Marina Shkvyria, a wolf expert at the Ukraine’s National Academy of Sciences and one of a handful of scientists who follows Chernobyl’s wildlife, predicts that the growing beaver population will eventually return the land to bogs, as it was a hundred years ago. “The beaver in Ukraine is exactly like the elephant in Africa: it completely changes the look of the landscape.”
To Beasley, the success of animals in Chernobyl and Fukushima carries a mixed message. “To me, it’s really a sobering reminder and a pretty dramatic example of the impacts that humans have on ecosystems,” he told TED in 2020. His research shows that human presence in an area may actually be worse for animal populations than radioactive contamination; humans appear to stress an ecosystem simply by living in it.

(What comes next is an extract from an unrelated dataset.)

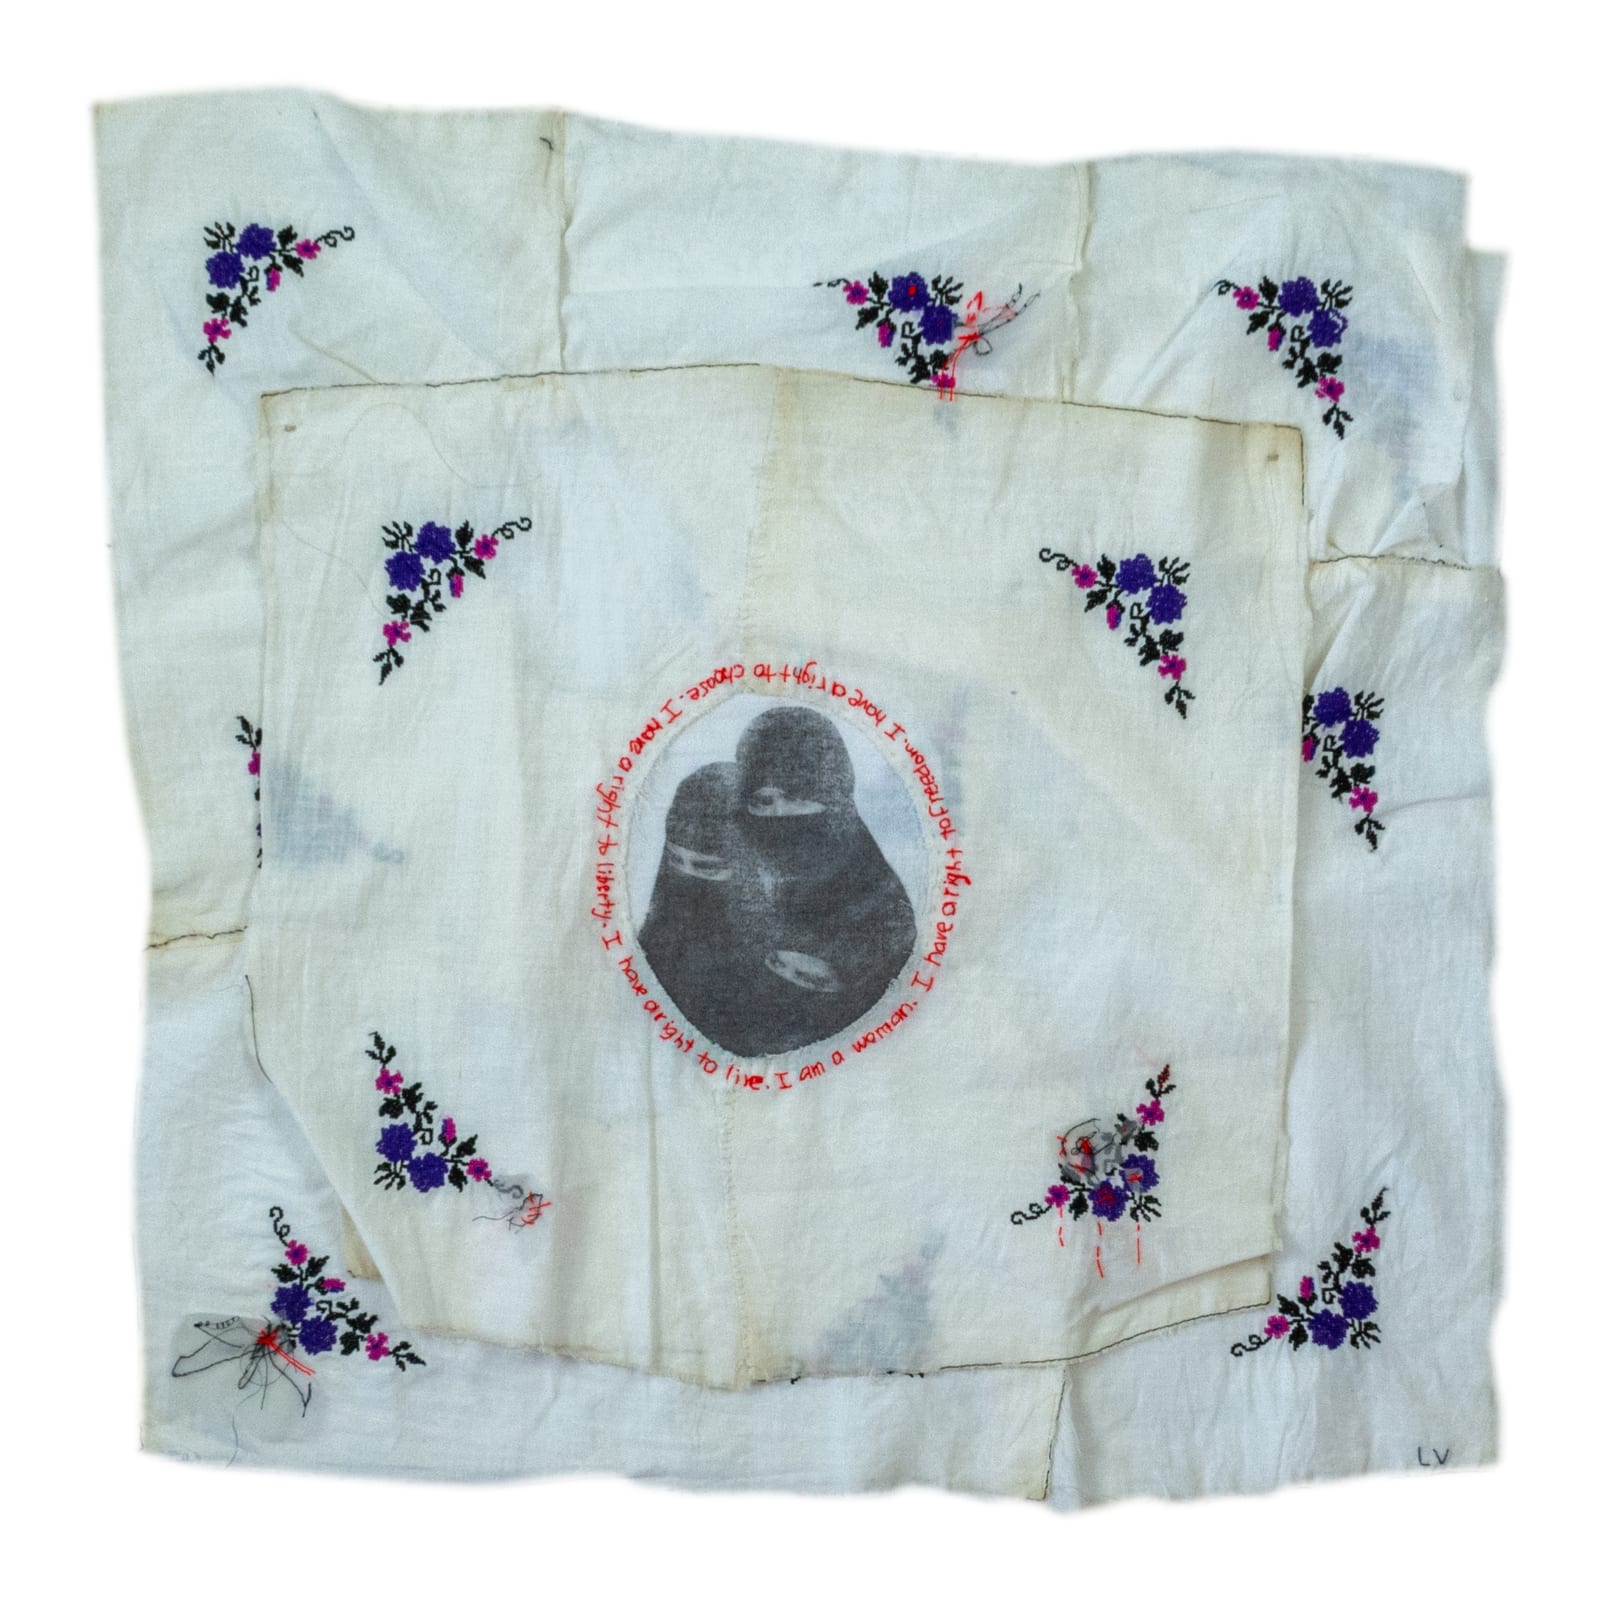 Laura Villarreal I Have A Right, 2021 Image transfer embroidery and thread on fabric

One of the world’s endangered animals is thriving in Chernobyl. Przewalski’s horse, the last remaining sub-species of wild horse, became extinct in the wild by the mid-1950s, except in Mongolia. Between 1998 and 2004, 36 horses were released in the Chernobyl exclusion zone; their numbers have now almost doubled. Beasley’s camera traps groups of the wild horses gathering in Chernobyl’s abandoned houses and barns. “Wildlife are really resilient, and I think that’s a good example of that resiliency,” he says.

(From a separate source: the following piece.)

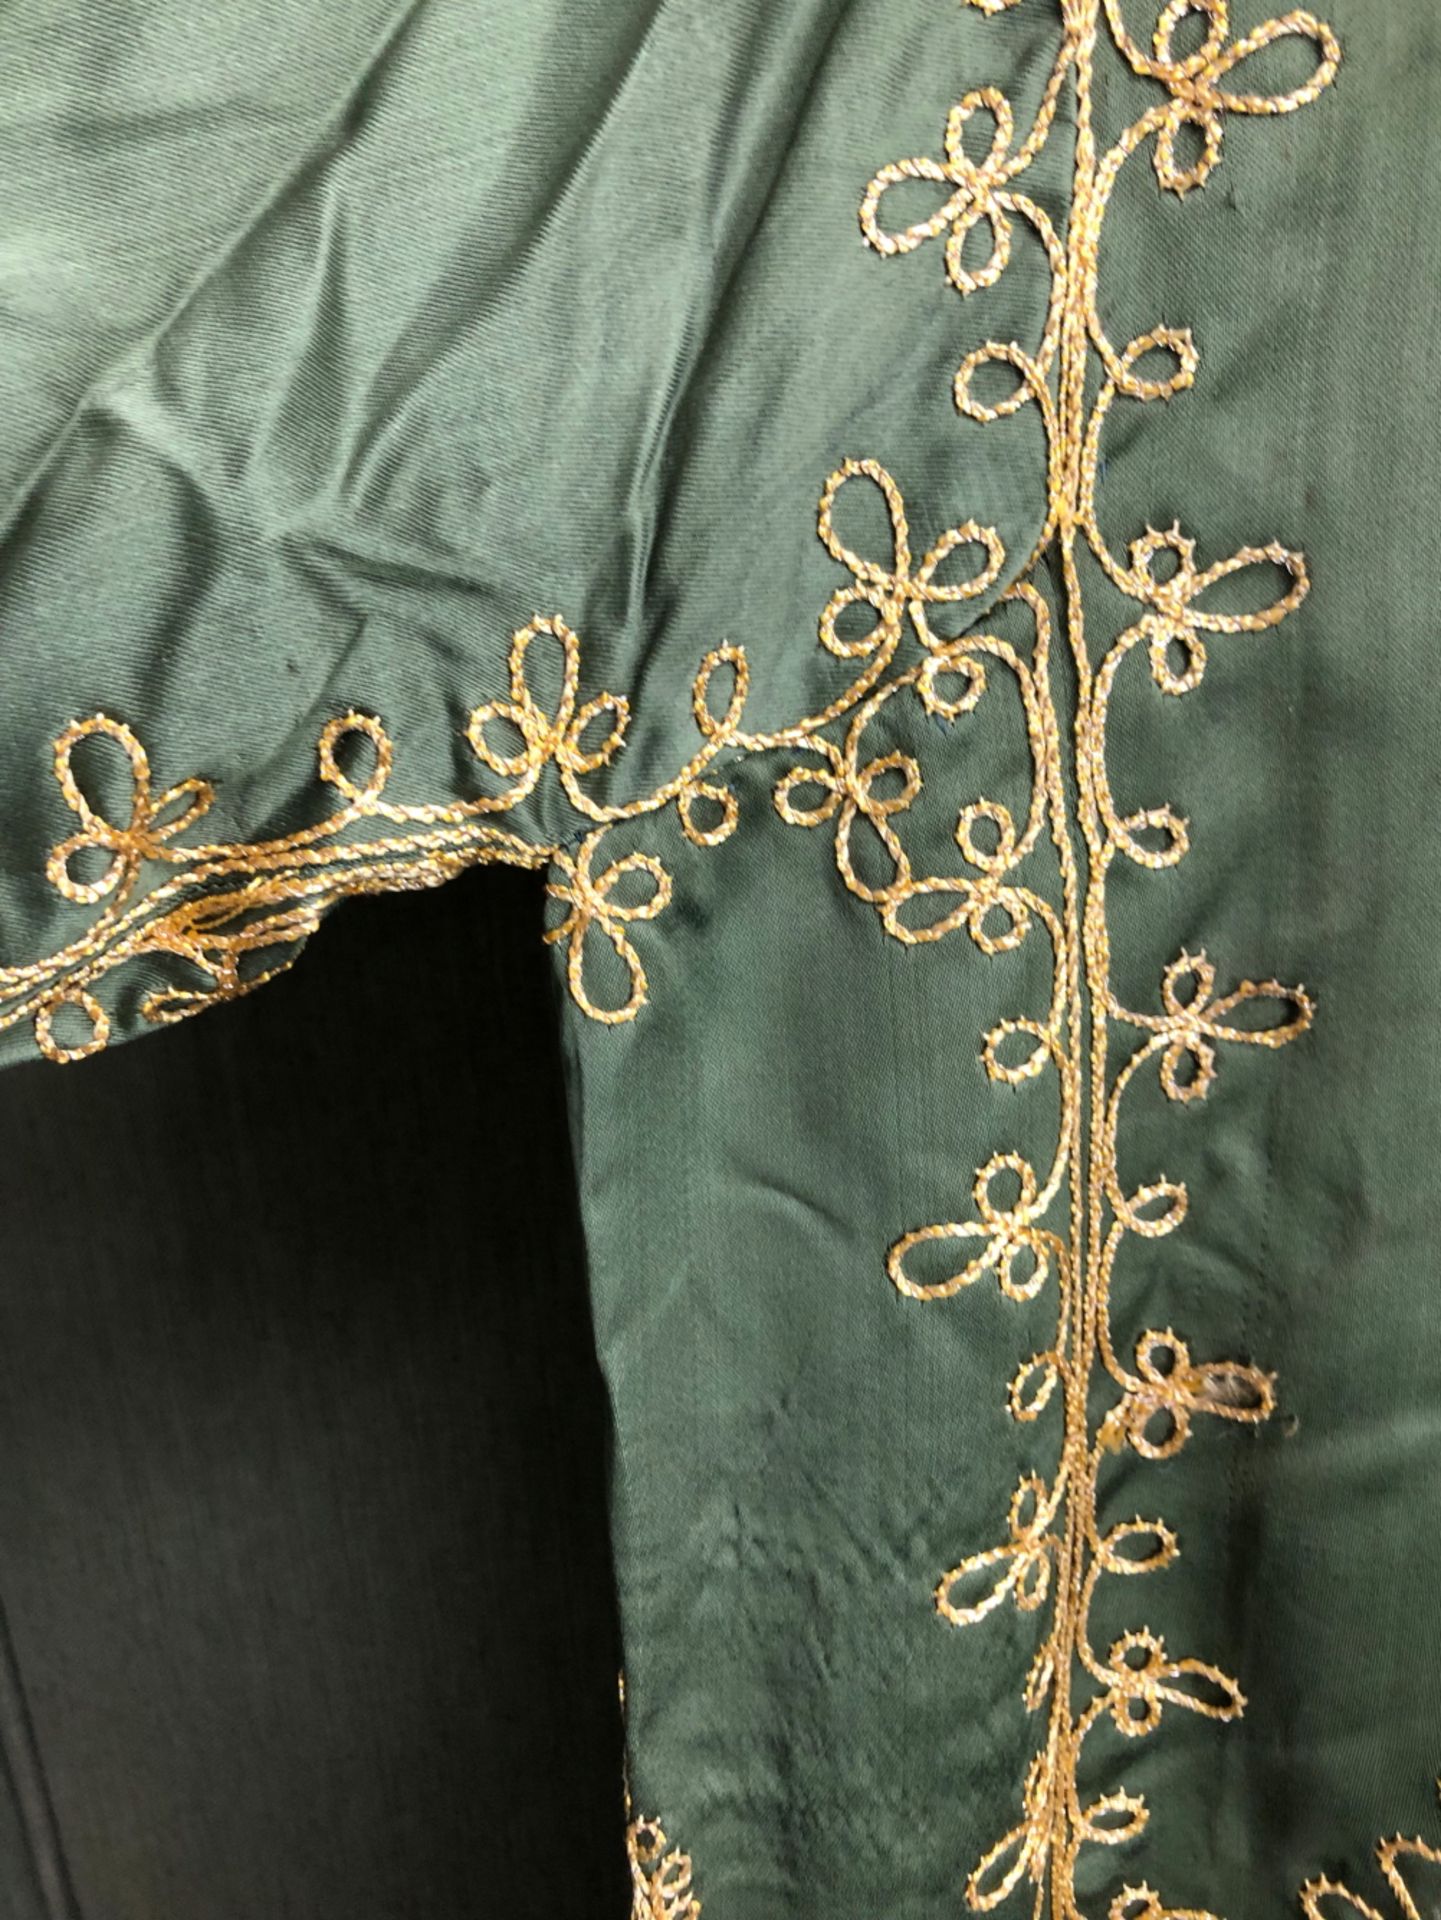 JACKET, AN INDIAN GREEN SILK JACKET EMBROIDERED IN GOLD THREAD, SLEEVE LENGTH 48cms, NECK TO HEM - Image 3 of 10

The group of Ukrainian and UK scientists who created the Chernobyl Spirit Company think that resiliency can extend to people as well. They have spent their careers working on the consequences of Chernobyl nuclear disaster and are committed to supporting Ukraine’s long recovery.
“More than thirty years after the accident, we believe that what these areas need most is economic development and management of the unique wildlife resource the abandoned areas represent,” they say. “At least 75% of profits from sales of ATOMIK will go to supporting communities in the affected areas and wildlife conservation.”
They have studied the transfer of radioactivity to crops in both the main exclusion zone and in Narodychi district, which is within an area known as the ‘zone of obligatory resettlement’. Their research shows that in many areas, land could now be used to produce crops that are safe to eat. Distilling fermented grain leaves many heavier elements in the waste product so distillate alcohol is more radioactively “pure” than the original grain, they say, making it possible to make a Chernobyl product that people will want to consume.
They worked with the Palinochka distillery to produce a kind of ‘apple jack’ made from apples grown in Narodychi, which is still inhabited. But in early May, a first batch of 1,500 bottles intended for shipment to the US was seized by Ukrainian authorities.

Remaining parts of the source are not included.